* Goal of the exercise
Restate the listing below word for word, and leave its pictures behind.

* Provided data
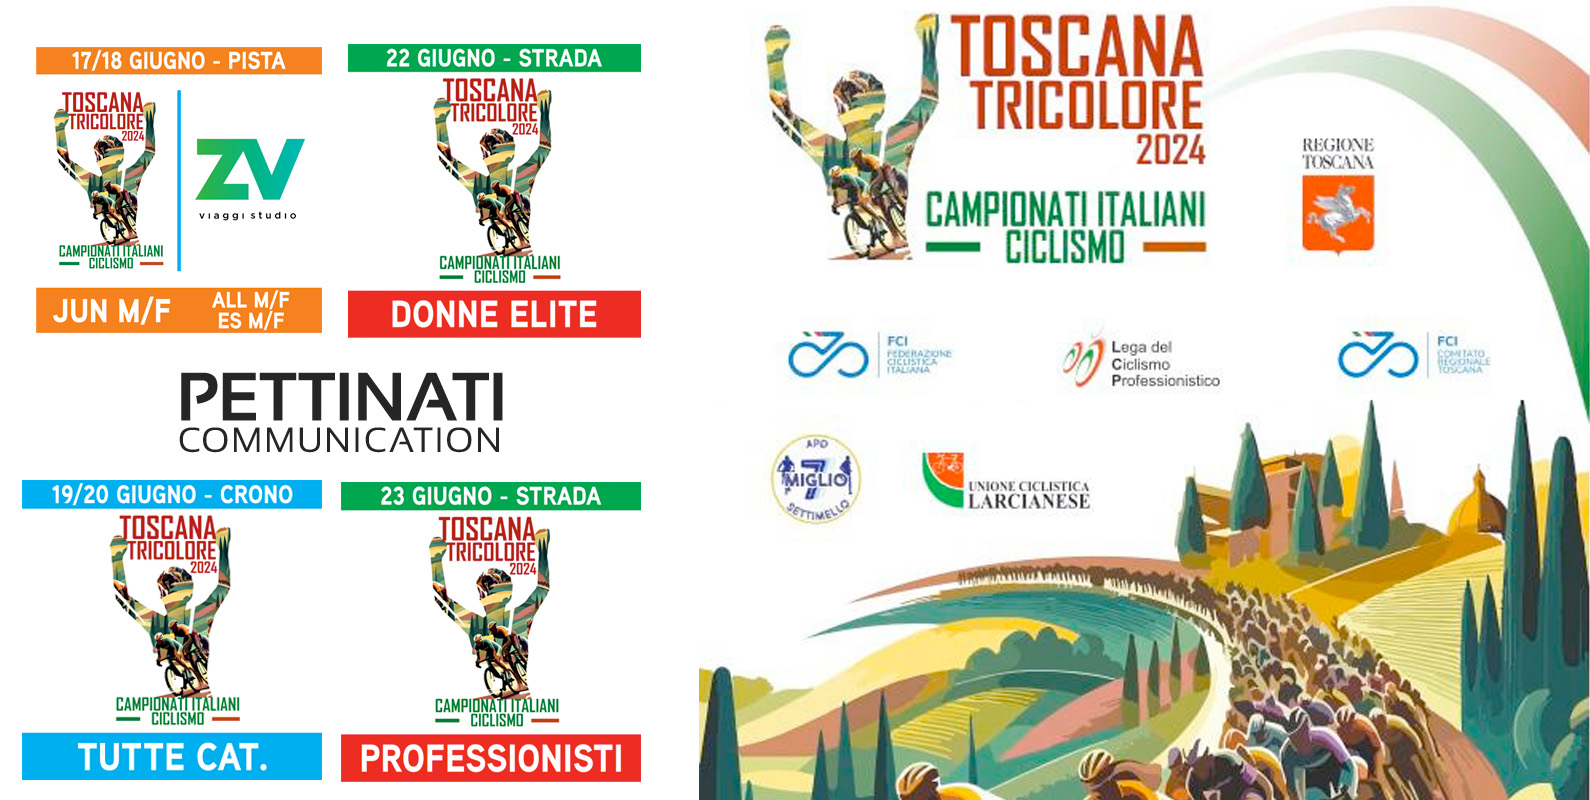 Toscana Tricolore, Valter Pettinati accreditato ai Campionati Italiani di Ciclismo
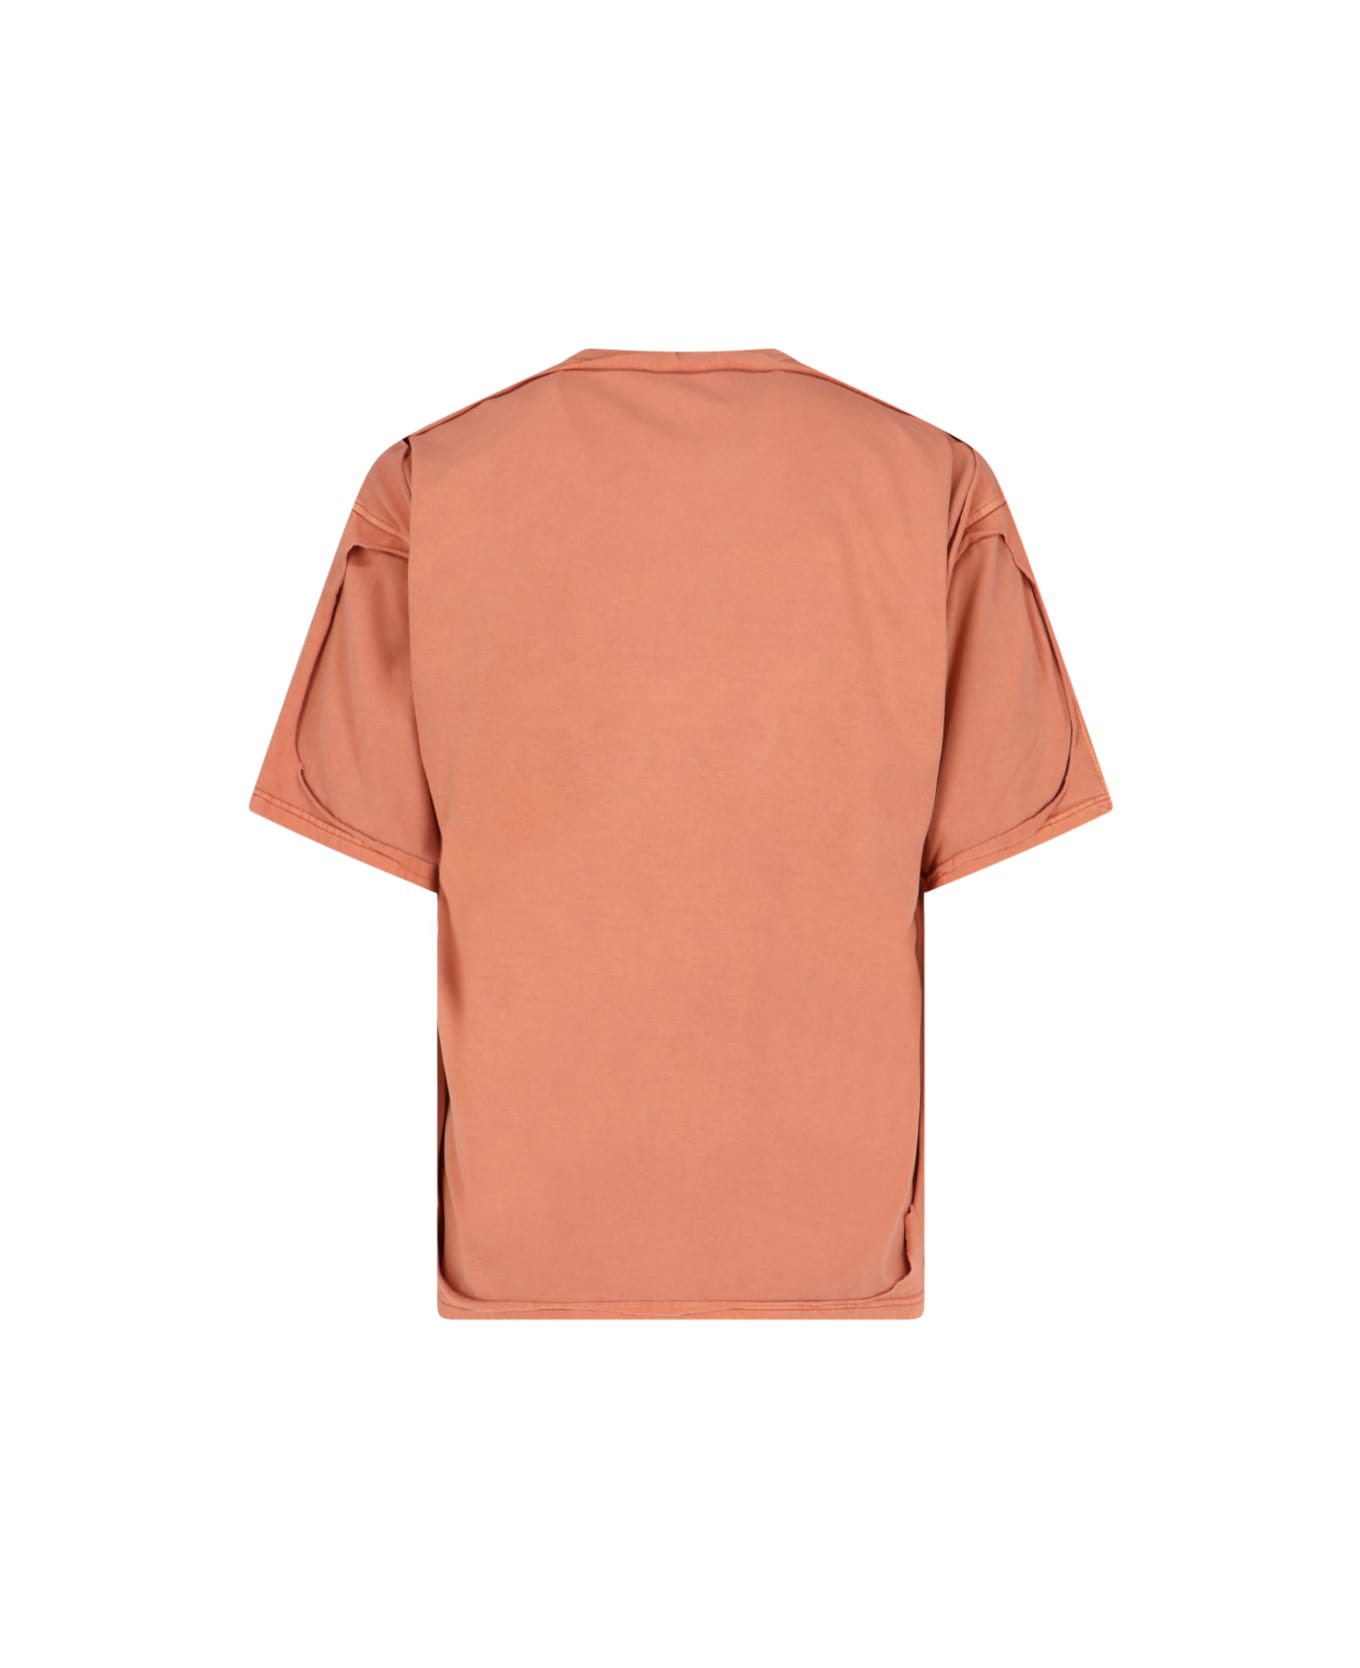 Diesel 't-box-dbl' T-shirt - Orange
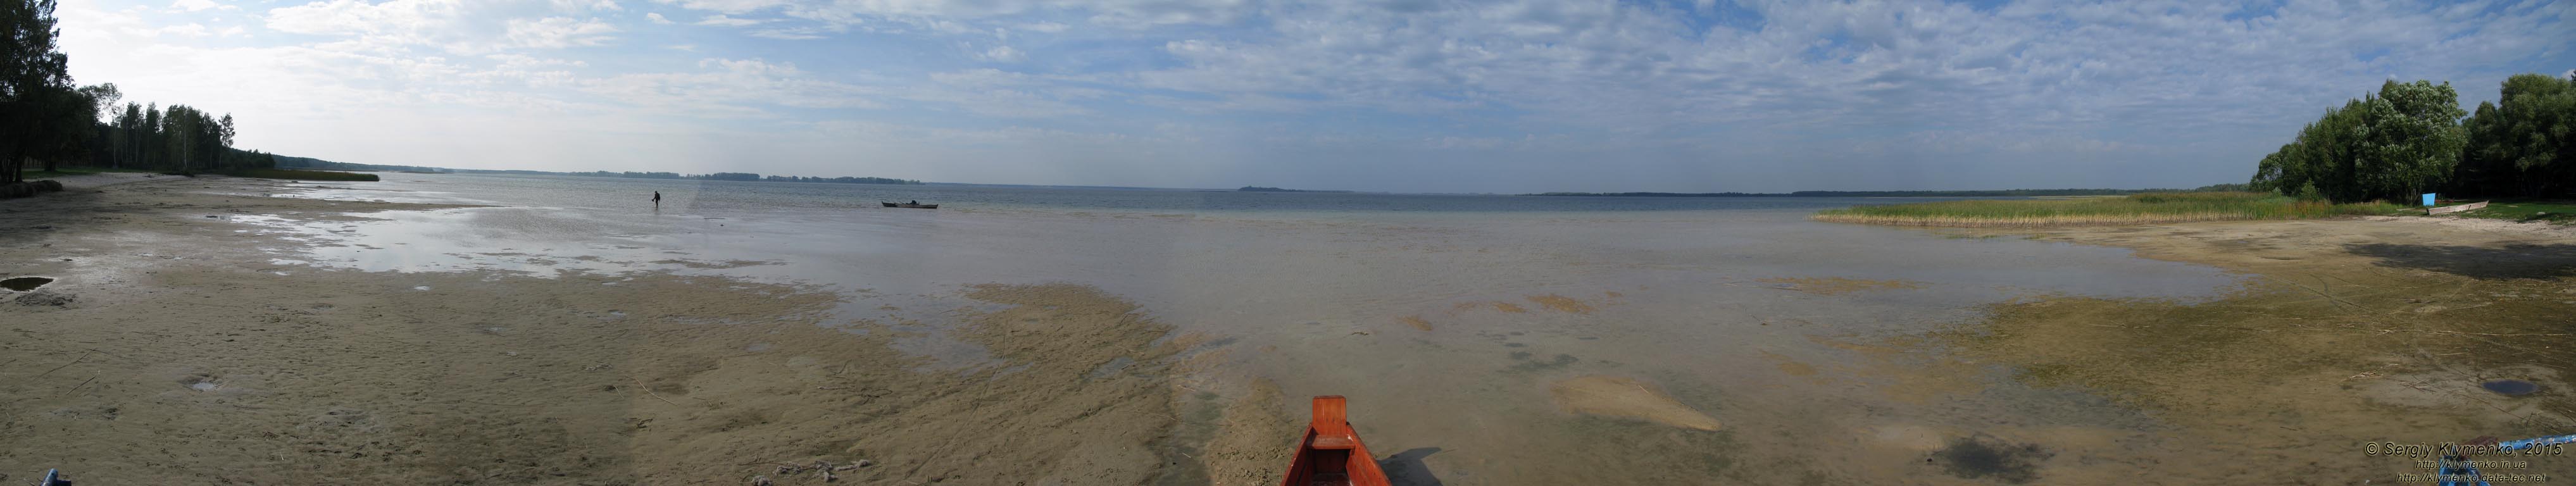 Волынь, Шацкие озёра. Фото. Живописный вид озера Свитязь. Панорама ~210° (51°30'46.60"N, 23°53'24.10"E).
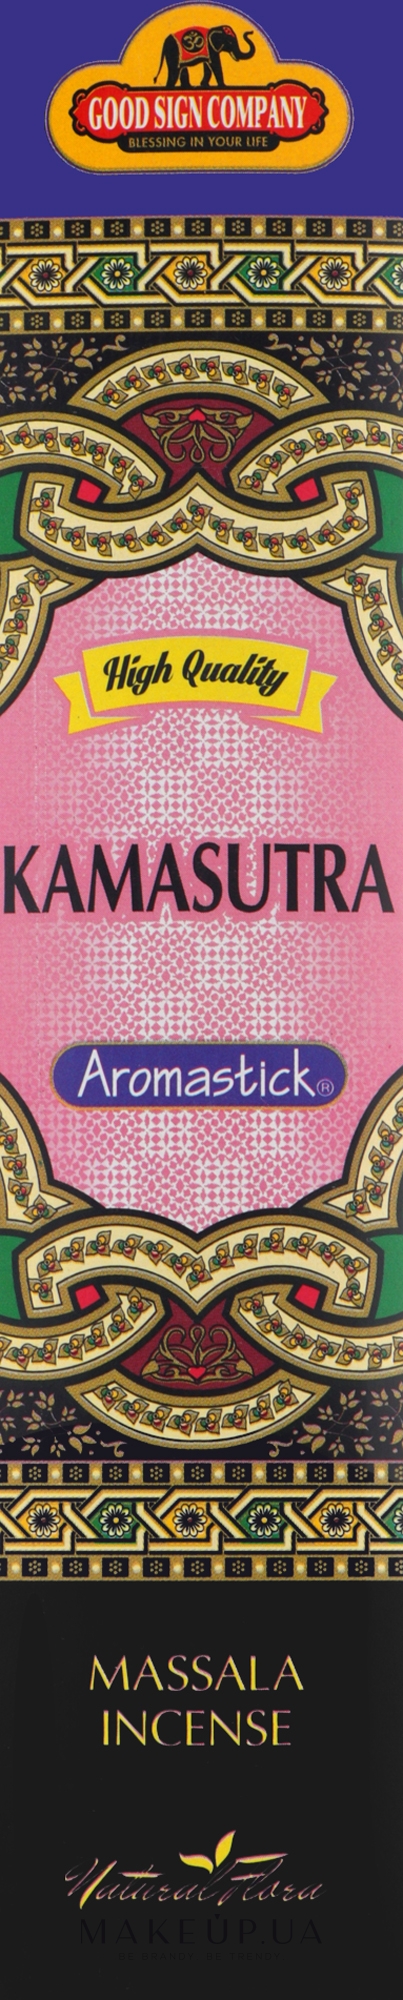 Ароматичні палички "Камасутра" - Good Sign Company Kamasutra Aromastick — фото 7шт

* Your response
 Toscana Tricolore, Valter Pettinati accreditato ai Campionati Italiani di Ciclismo
 Diesel 't-box-dbl' T-shirt - Orange
 Волынь, Шацкие озёра. Фото. Живописный вид озера Свитязь. Панорама ~210° (51°30'46.60"N, 23°53'24.10"E).
 Ароматичні палички "Камасутра" - Good Sign Company Kamasutra Aromastick — фото 7шт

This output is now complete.